I think the thing that's been most interesting to me about it, and to me, and to me, in some
ways the meme stock phenomenon has been, if not more confusing or, let's say, disturbing than the
Bitcoin thing. It seemed odder in a way. The way I would put it is, you know, I come at investing,
and I think mainly because of the time I spent at the Fool in the mid-1990s, I come at it in some
ways from a very traditional point of view. And that is to say that the value of a company really
should reflect the discounted free cash flow of that company in the future, you know, with some
real option value attached to it in terms of other possibilities. But that's basically what you're
trying to do. What you're really trying to think about is if I own this company, literally,
if I own the entire company, how much cash would I be able to get out of this company in the future?
And then how much am I willing to pay for it, you know, in order to get a reasonable return on
on my investment. And while that sounds kind of traditional, it obviously applies to all kinds of
companies. And as obviously the pool and rule breakers have demonstrated, you can use it to
think about a whole range of companies, including ones where, you know, the future earnings
are entirely on the come, where right now they have no earnings, whatever. We've seen that with,
you know, the tech companies that dominate today. So when you come at it from that perspective,
that was the part of the meme stock frenzy that just was where it really did feel like a pure bubble,
where it really did feel like people were buying these stocks,
not because they thought these companies were going to be really valuable in the future.

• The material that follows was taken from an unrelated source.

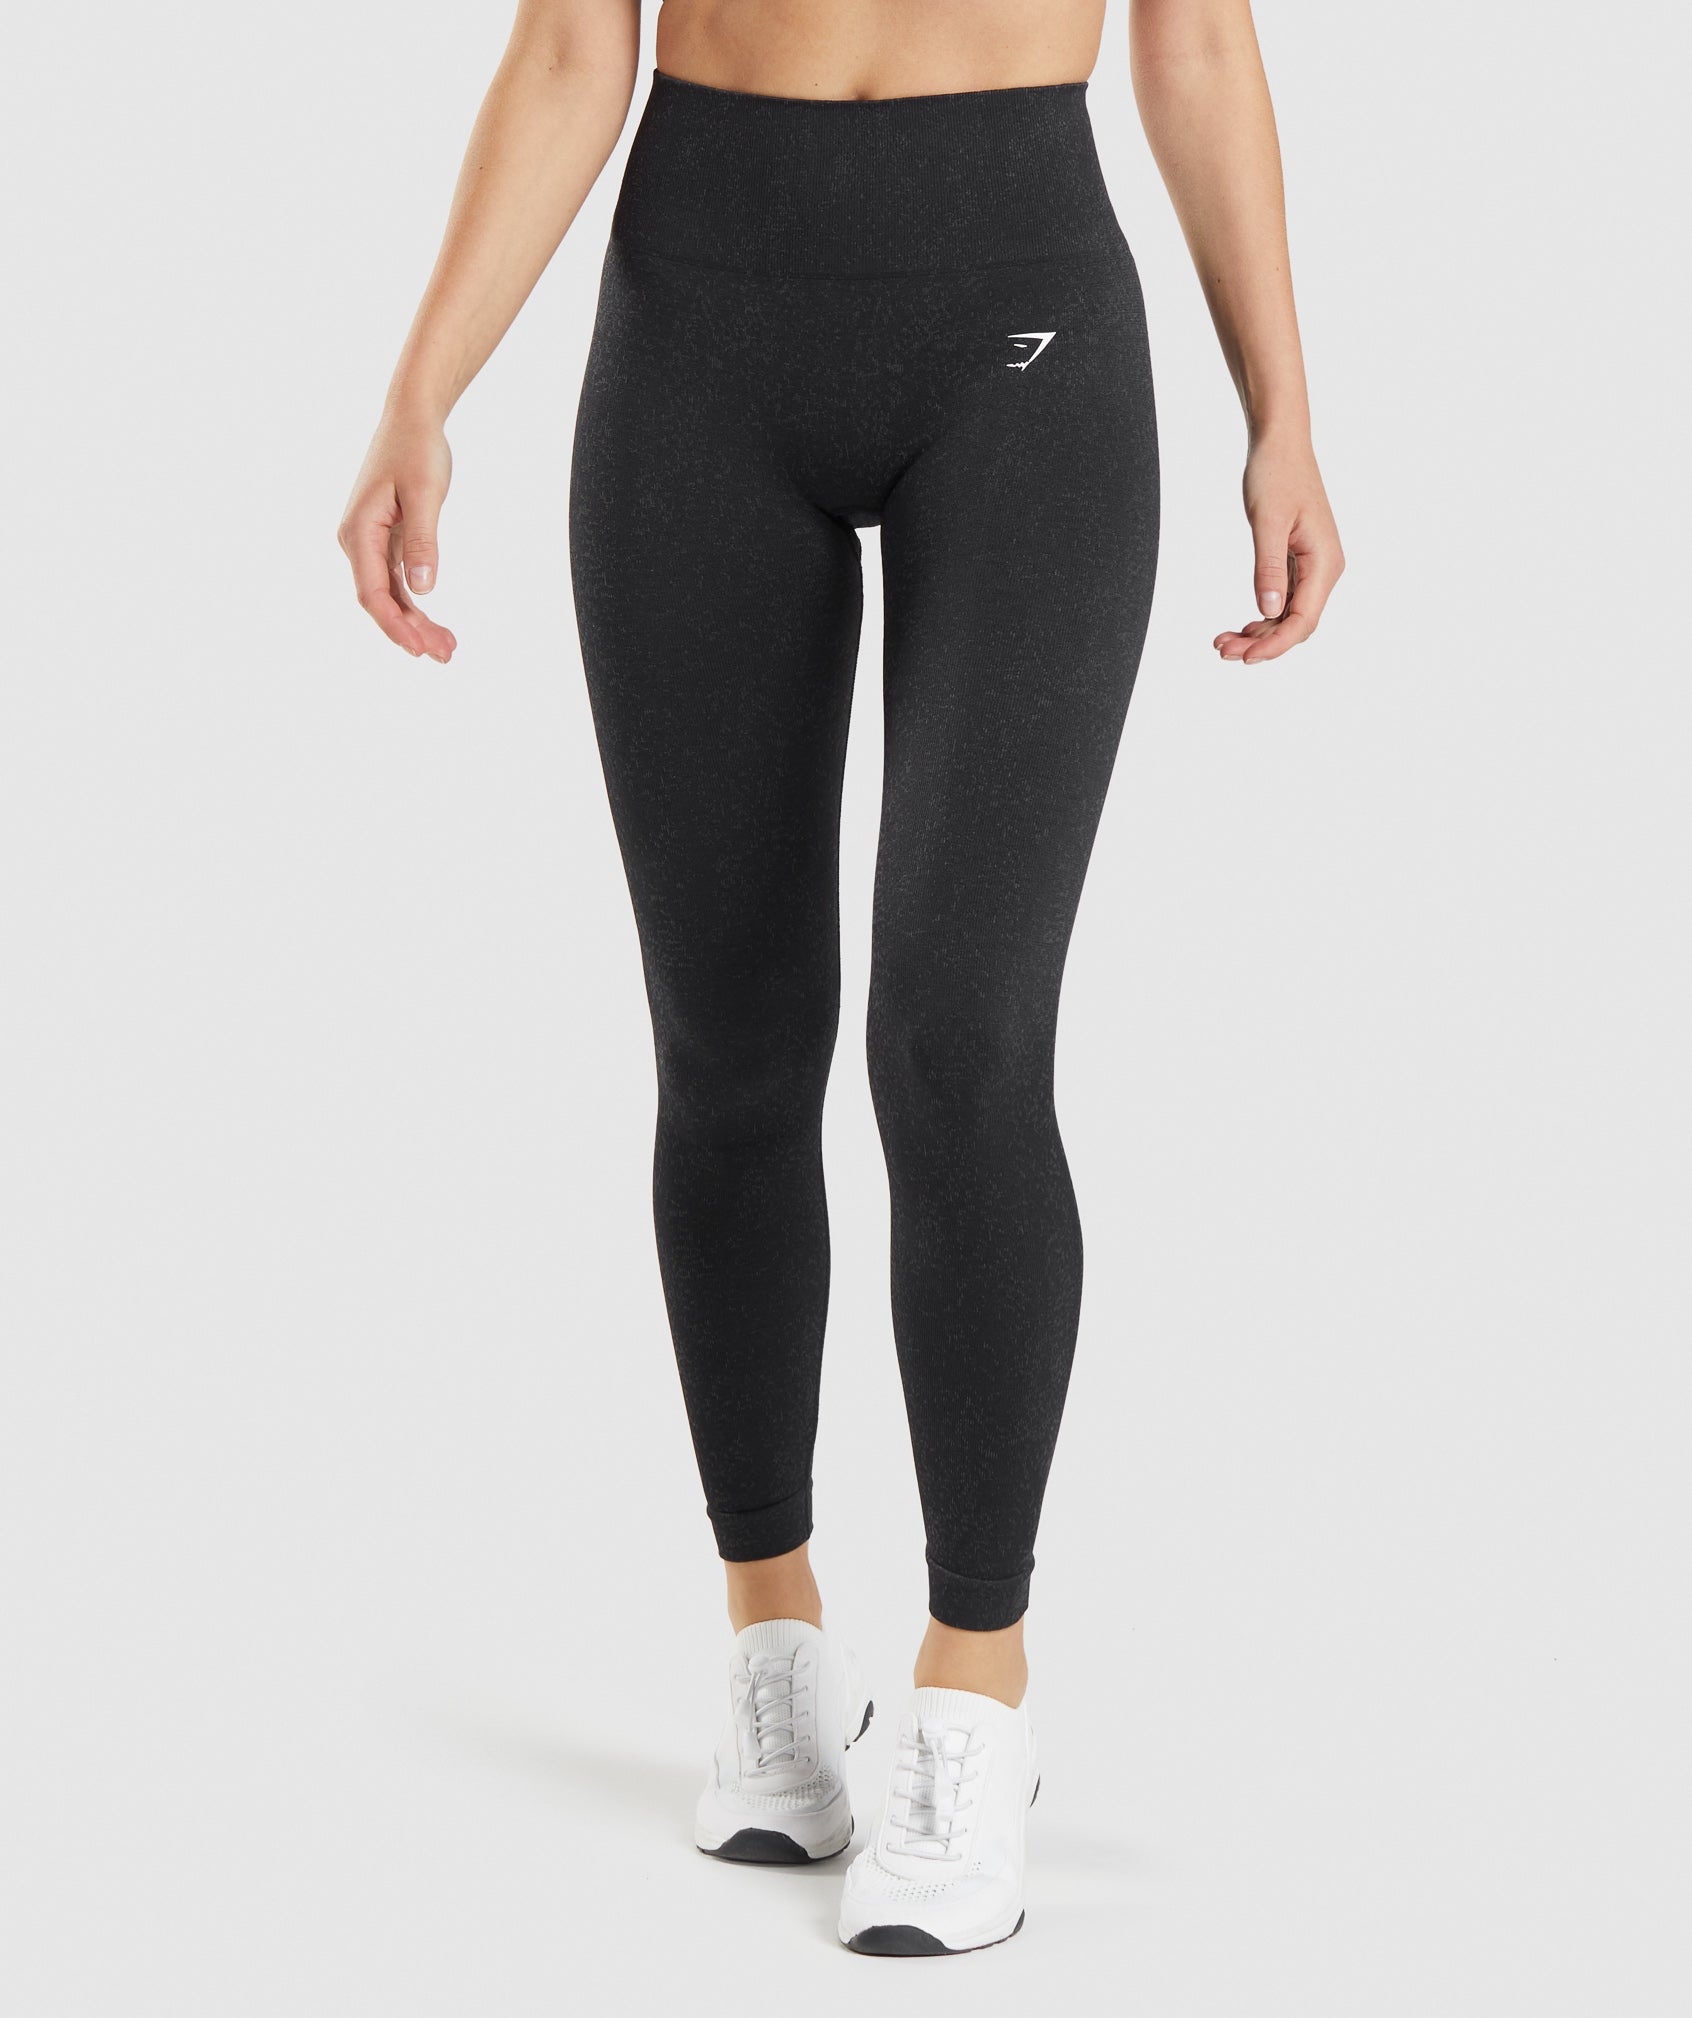 Gymshark Adapt Ombre Seamless Leggings in Blue Marl (S), Women's Fashion,  Activewear on Carousell

There was some rhetoric around GameStop, you know, that Ryan Cohen was going to transform it.
And obviously, even now, it's at $23 a share, which I think is, I think it's low was around what, like six.
or something like that before the thing took off.
So, you know, they may very well have improved certain things about their underlying
business.
But when you looked at the valuations at the peak, you know, what it really felt like.
And I think that this is, this is the part of it that feels symptomatic of a cultural
moaning.
It felt like people were basically just saying value is entirely, value of a stock is
entirely in the eye of a beholder. And if the market says it's worth X, then it is really worth X.
And I just found that and still find it as someone who thinks a lot about investing and valuation,
I found it just a wrong and also just really disconcerting and kind of amazed that people were,
you know, we're very familiar with bubbles. But this was something different from, like this was
different from a bubble where, you know, everyone's buying it and it makes you kind of think,
okay, wait, you know what? Maybe they're seeing something I'm not, so I should just get on this
train and, you know, maybe, and maybe they're right. Maybe Cisco really is going to be worth
$600 billion or whatever it was worth in 2000. This felt more like, yeah, we all kind of know it's not
really going to be worth this. It's not worth this, but we are going to essentially make it worth
this by collectively deciding it is. And that was just like, it was so wild to watch. And, you know,
I wrote about it and the backlash against stuff. If you criticize, this was incredible. Because,
you know, if it is all about what we believe, you don't want anyone to try to question what you
believe because it can shape the thing. And, you know, that's all this stuff on Wall Street bets about
diamond hands and, you know, kind of urging everyone to stay strong. It was amazing to watch. I mean,
incredible. It is amazing, and you're right, that feeling of, well, I'm going to buy this thing.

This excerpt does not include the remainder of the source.